To calculate the pipeline latency for each frame, additional time-stamp fields can be added, enabling latency to be calculated. For its camera, Sensata wanted to study how two separate components could be merged into a single system-on-chip or partitioned between separate components. These included a DSP and RAM and an FPGA with RAM for data buffering. In the simulation, various pixels of either 12 or 24 bits link the different elements.

The CoFluent Design software allows generic hardware components to model computing, communication, or storage resources.
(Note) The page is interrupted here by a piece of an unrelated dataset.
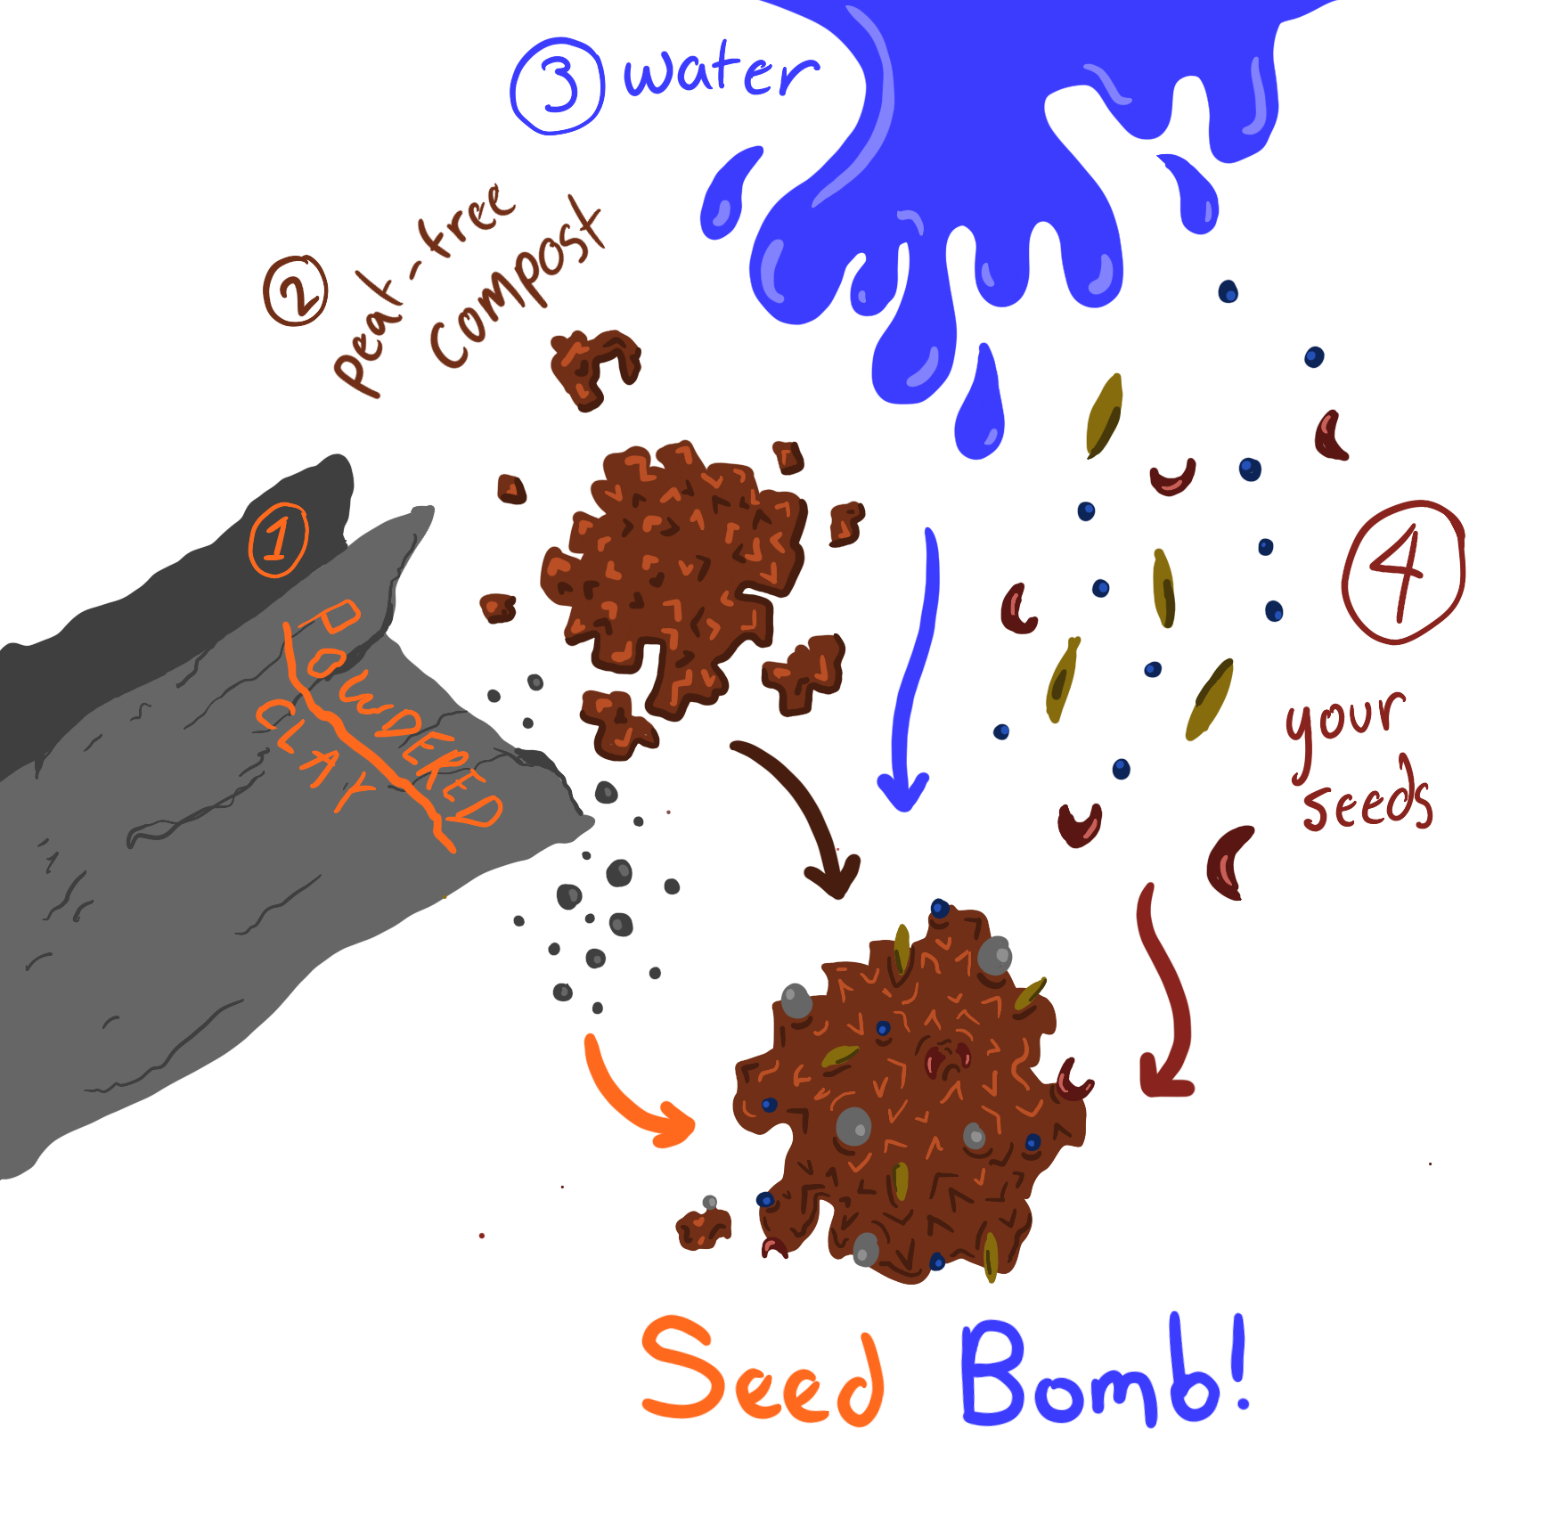 Seed bomb diagram fixed.png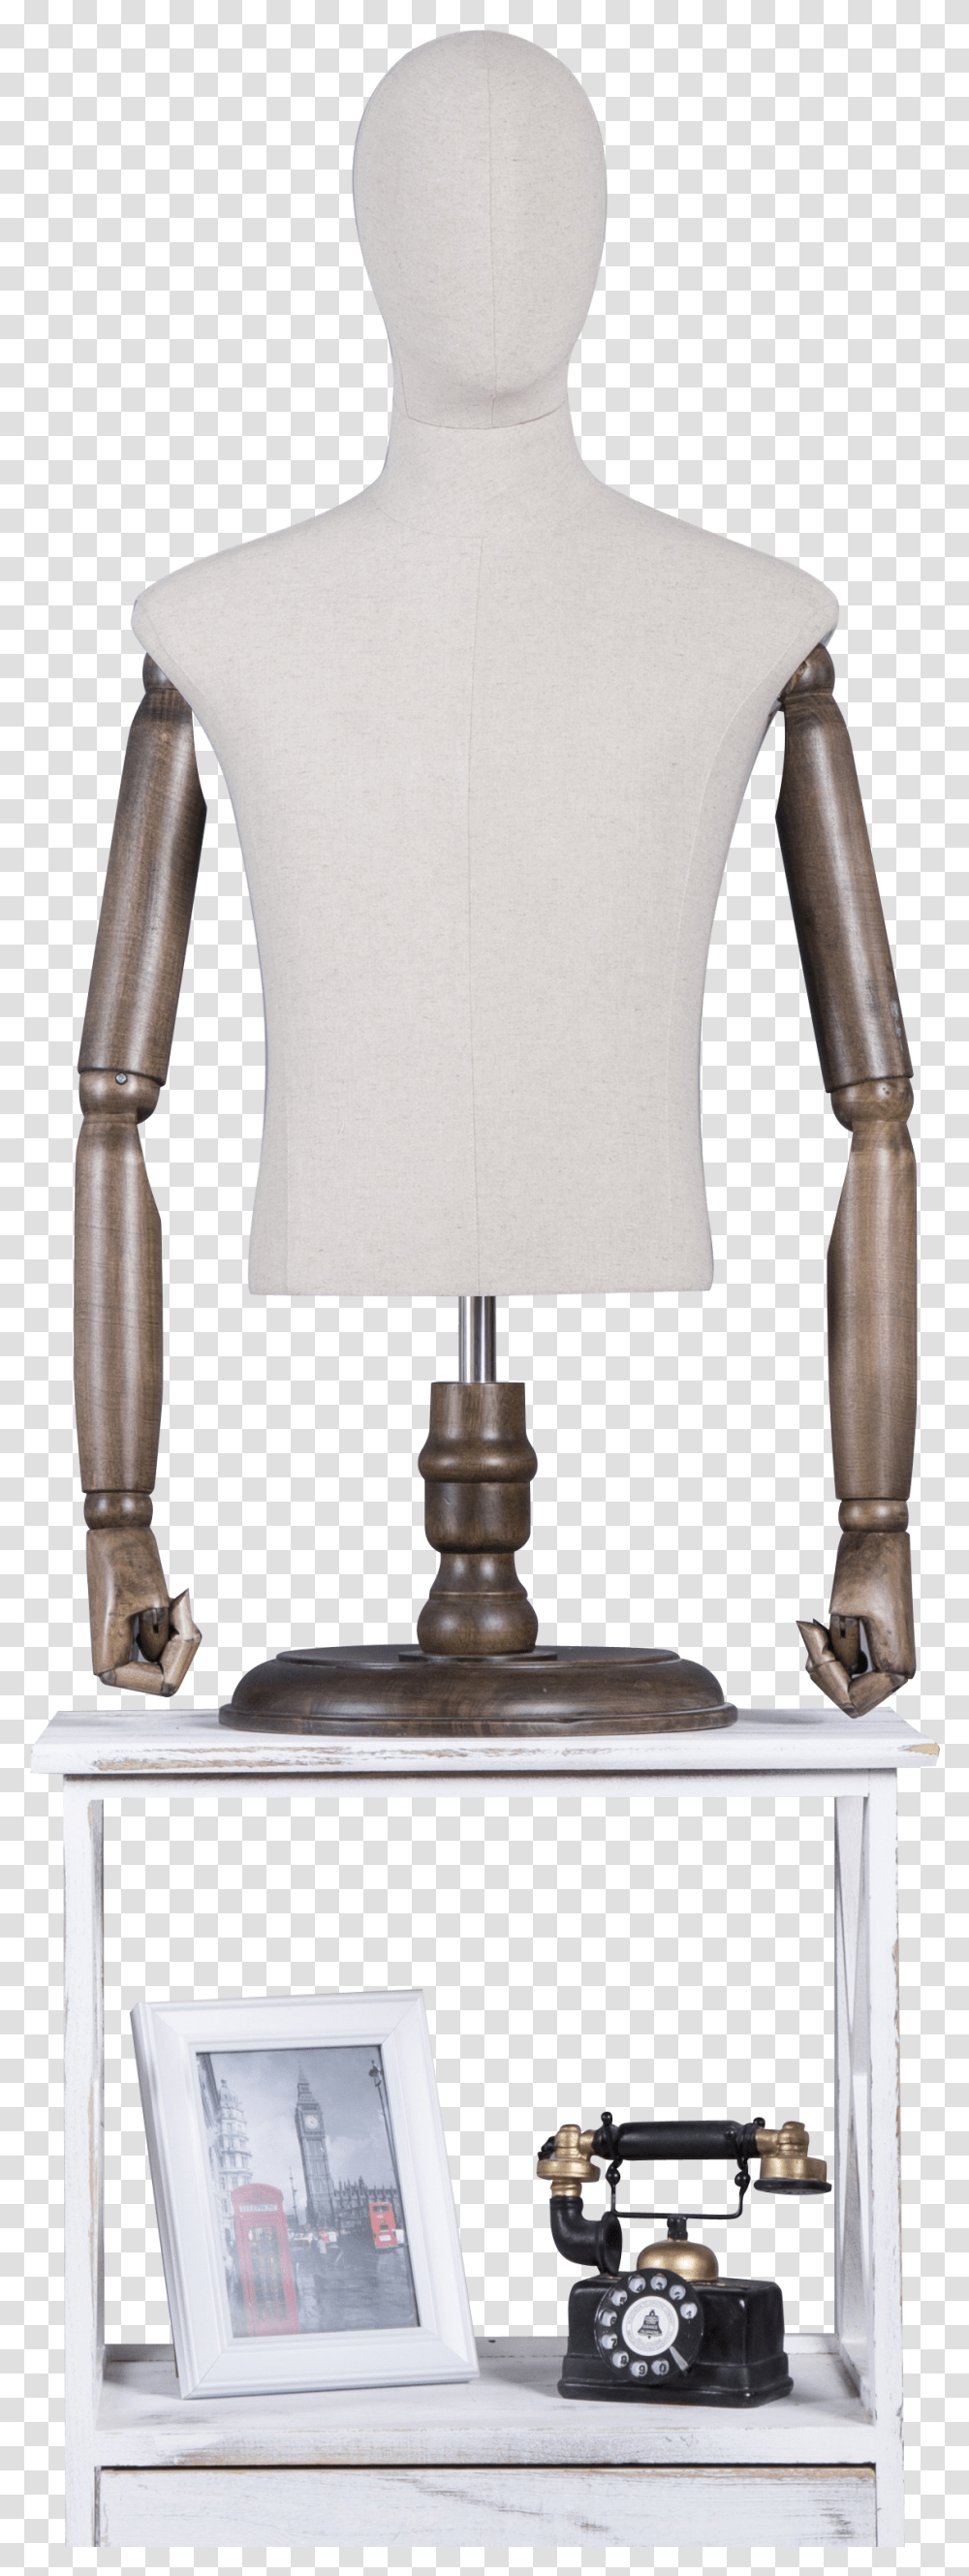 China Female Mannequin Without Head China Female Mannequin Lamp, Table Lamp, Lampshade Transparent Png

Using CoFluent Studio, ASICs, FPGAs, or software-based computing units such as DSPs, CPUs, and MCUs are called processors and communication links or nodes are characterized as either bus-based, as a routing network or point-to-point interfaces.

To model its camera, Sensata created and characterized three hardware configurations that consisted of running image sensor control, and color image processing functions on an FPGA or on a DSP. For all three hardware configurations, display, communications and monitoring functions were partitioned on the DSP and imager control functions on an FPGA.

Results of these simulations allowed the Sensata to examine the price/performance trade-off of each camera design before committing to any hardware design. “Although the optimal architecture was achieved through iterating various hardware configurations, the research and data gathering of the performance and processing capability of algorithms and hardware were key to performing a successful simulation,” says Song.